The profiles allow you to build the test image once during debugging, and reuse it across multiple test runs. (See Debugging.)

Dependencies

The Docker image inclues three third-party dependencies not included in the Druid build:

  • MySQL connector
  • MariaDB connector
  • Kafka Protobuf provider

We use dependency rules in the test-image/pom.xml file to cause Maven to download these dependencies into the Maven cache, then we use the maven-dependency-plugin to copy those dependencies into a Docker directory, and we use Docker to copy the files into the image. This approach avoids the need to pull the dependency from a remote repository into the image directly, and thus both speeds up the build, and is kinder to the upstream repositories.

If you add additional dependencies, please follow the above process. See the pom.xml files for examples.

Environment Variables

The build environment users environment variables to pass information to Maven. Maven communicates with Docker and Docker Compose via environment variables set in the exec-maven-plugin of various pom.xml files. The environment variables then flow into either the Docker build script (Dockerfile) or the various Docker Compose scripts (docker-compose.yaml). It can be tedious to follow this flow. A quick outline:

  • The build environment (such as Travis) sets environment variables, or passes values to maven via the -d<var>=<value syntax.
  • Maven, via exec-maven-plugin, sets environment variables typically from Maven's own variables for things like versions.
  • exec-maven-plugin invokes a script to do the needes shell fiddling. The environment variables are visible to the script and implicitly passed to whatever the script calls.
  • When building, the script passes the environment variables to Docker as build arguments.
  • Dockerfile typically passes the build arguments to the image as environment variables of the same name.
  • When running, the script passes environment variables implicitly to Docker Compose, which uses them in the various service configurations and/or environment variable settings passed to each container.

If you find you need a new parameter in either the Docker build or the Docker Compose configuration:

  • First ensure that there is a Maven setting that holds the desired parameter.
  • Wire it through the relevant exec-maven-plugin sections.
  • Pass it to Docker or Docker Compose as above.

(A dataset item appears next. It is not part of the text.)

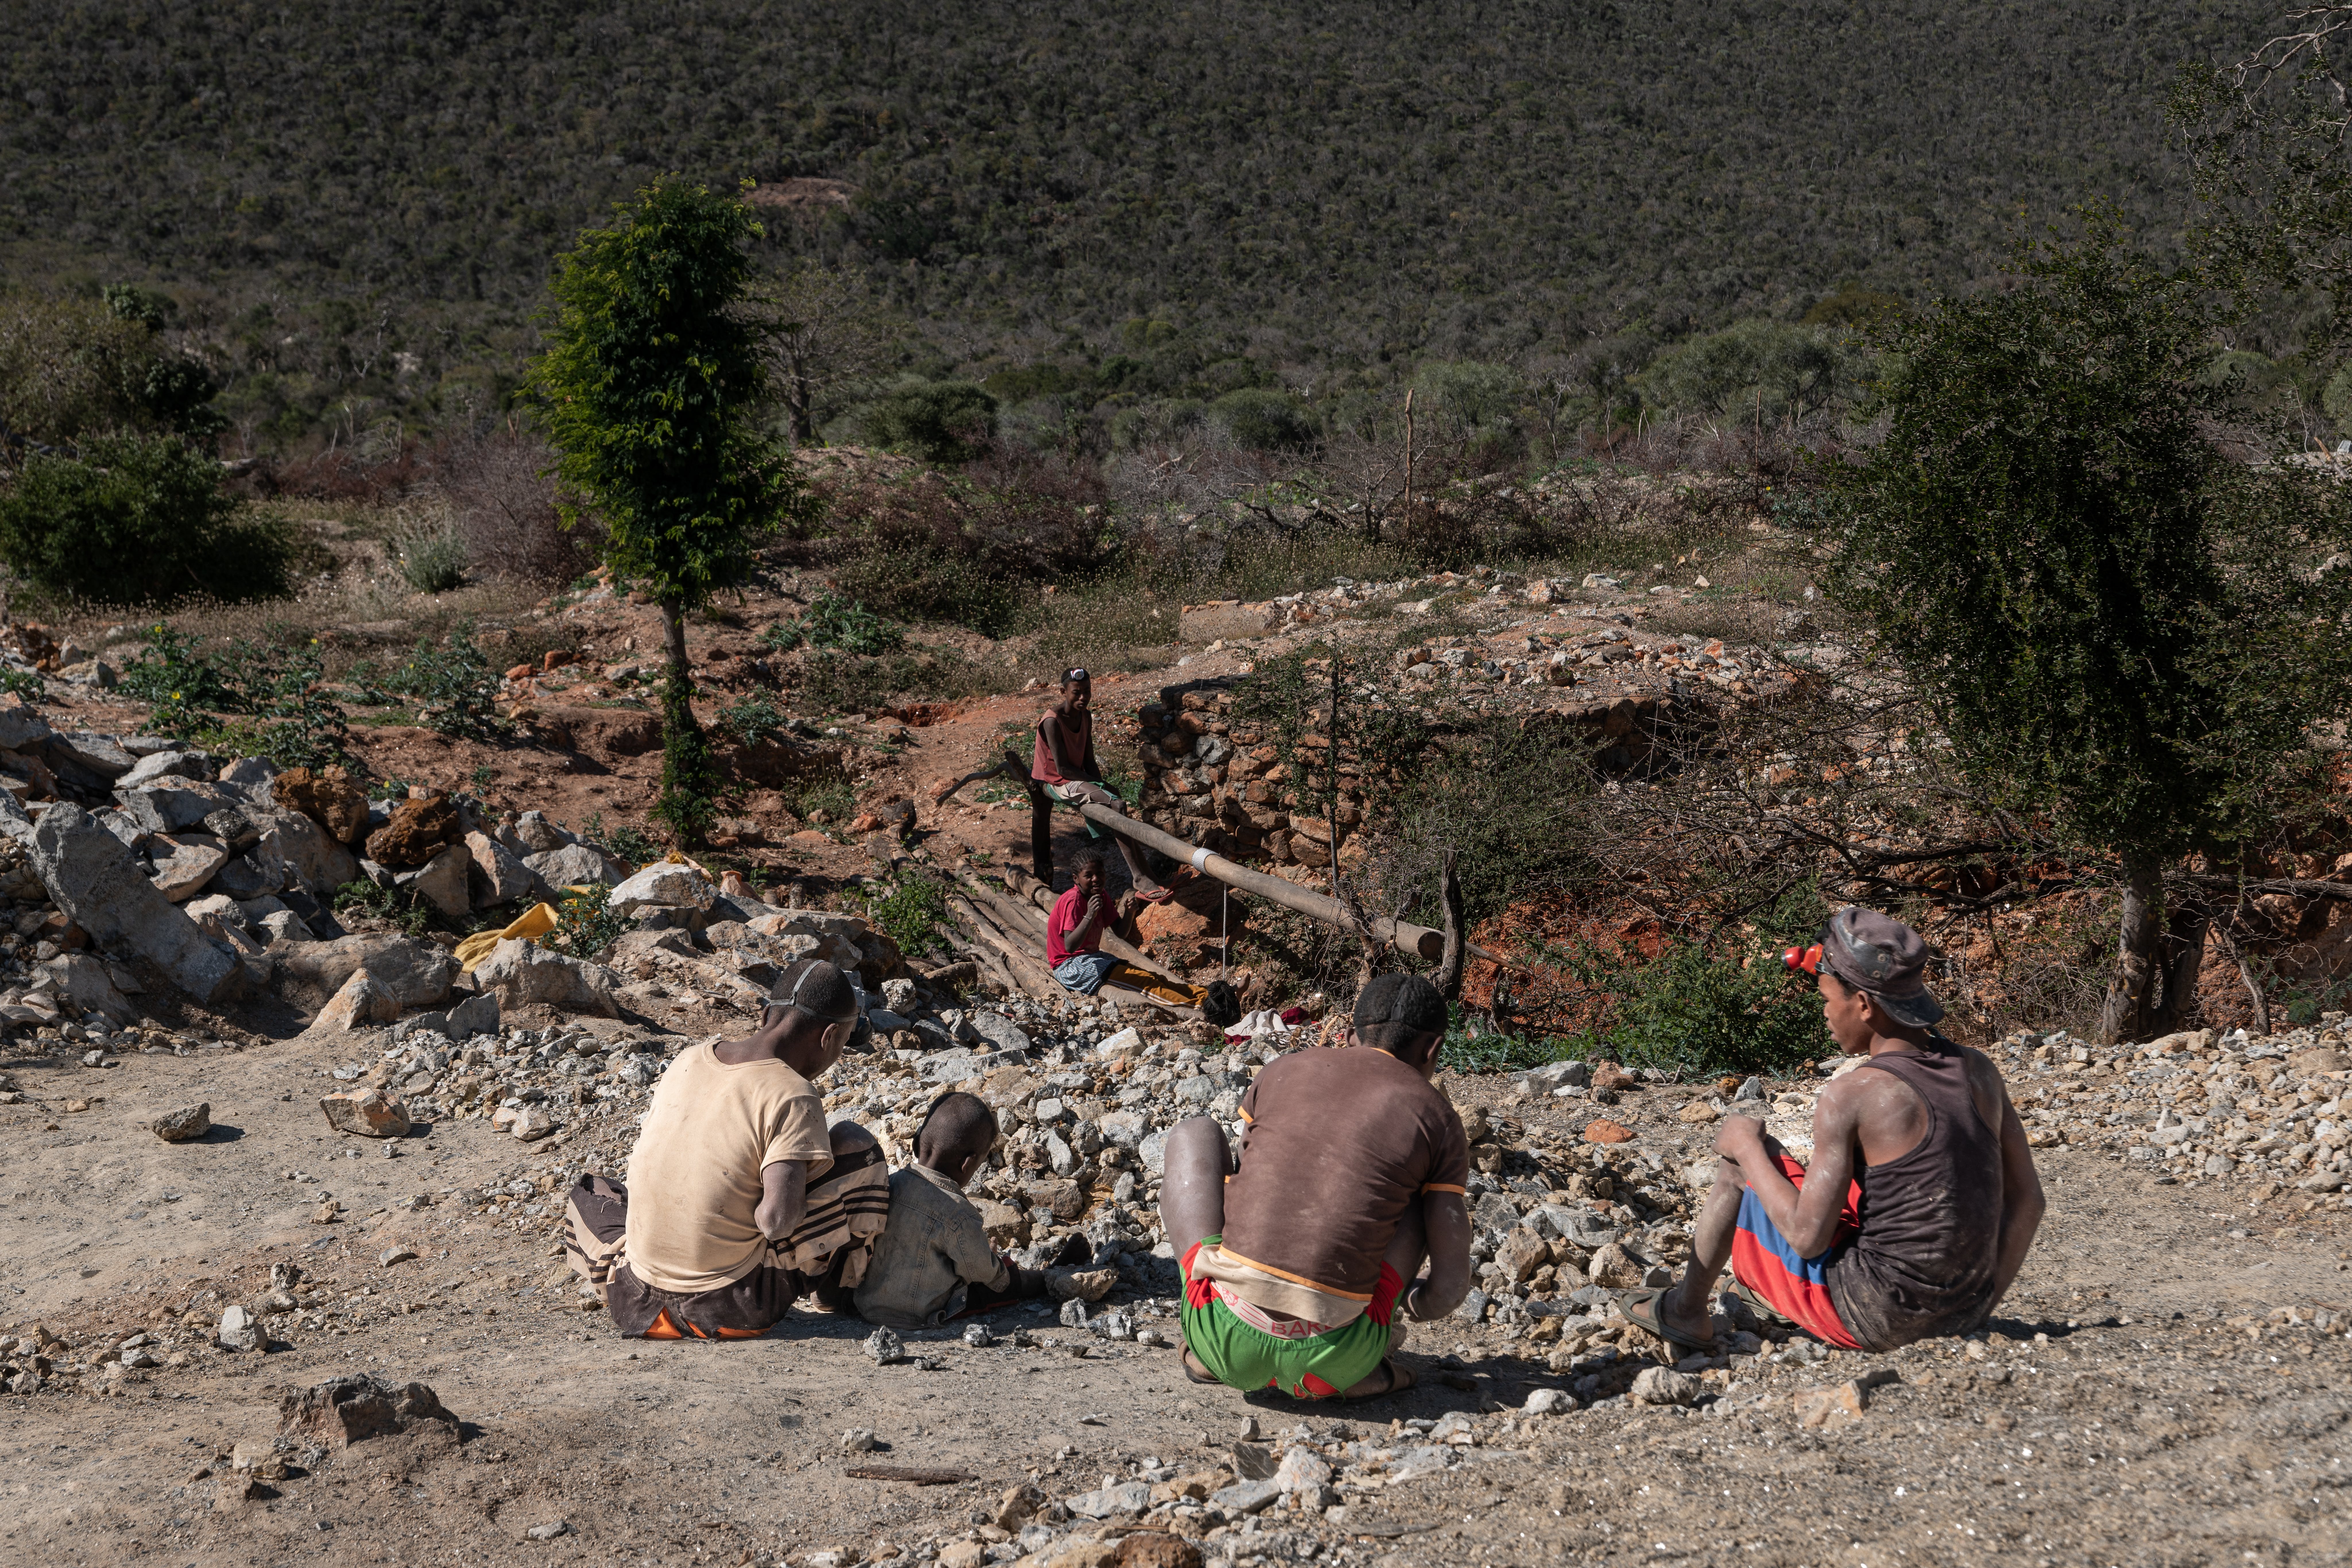 Un gruppo di uomini e bambini riemergono dalle rocce da cui estraggono la mica. La miniera di Vohibola, nella regione di Anosy in Madagascar, è situata 25 chilometri a nord di Amboasary-sud.

The easiest way to test is to insert (or enable, or view) the environment in the image:

env

The output will typically go into the Docker output or the Docker Compose logs.

Shortcuts

Since Druid's pom.xml file is quite large, Maven can be a bit slow when all you want to do is to build the Docker image. To speed things up a bit, you can build just the docker image. See the Quickstart for how to run tests this way. Using this trick, creating an image, or launching a cluster, is quite fast. See the Docker section for details.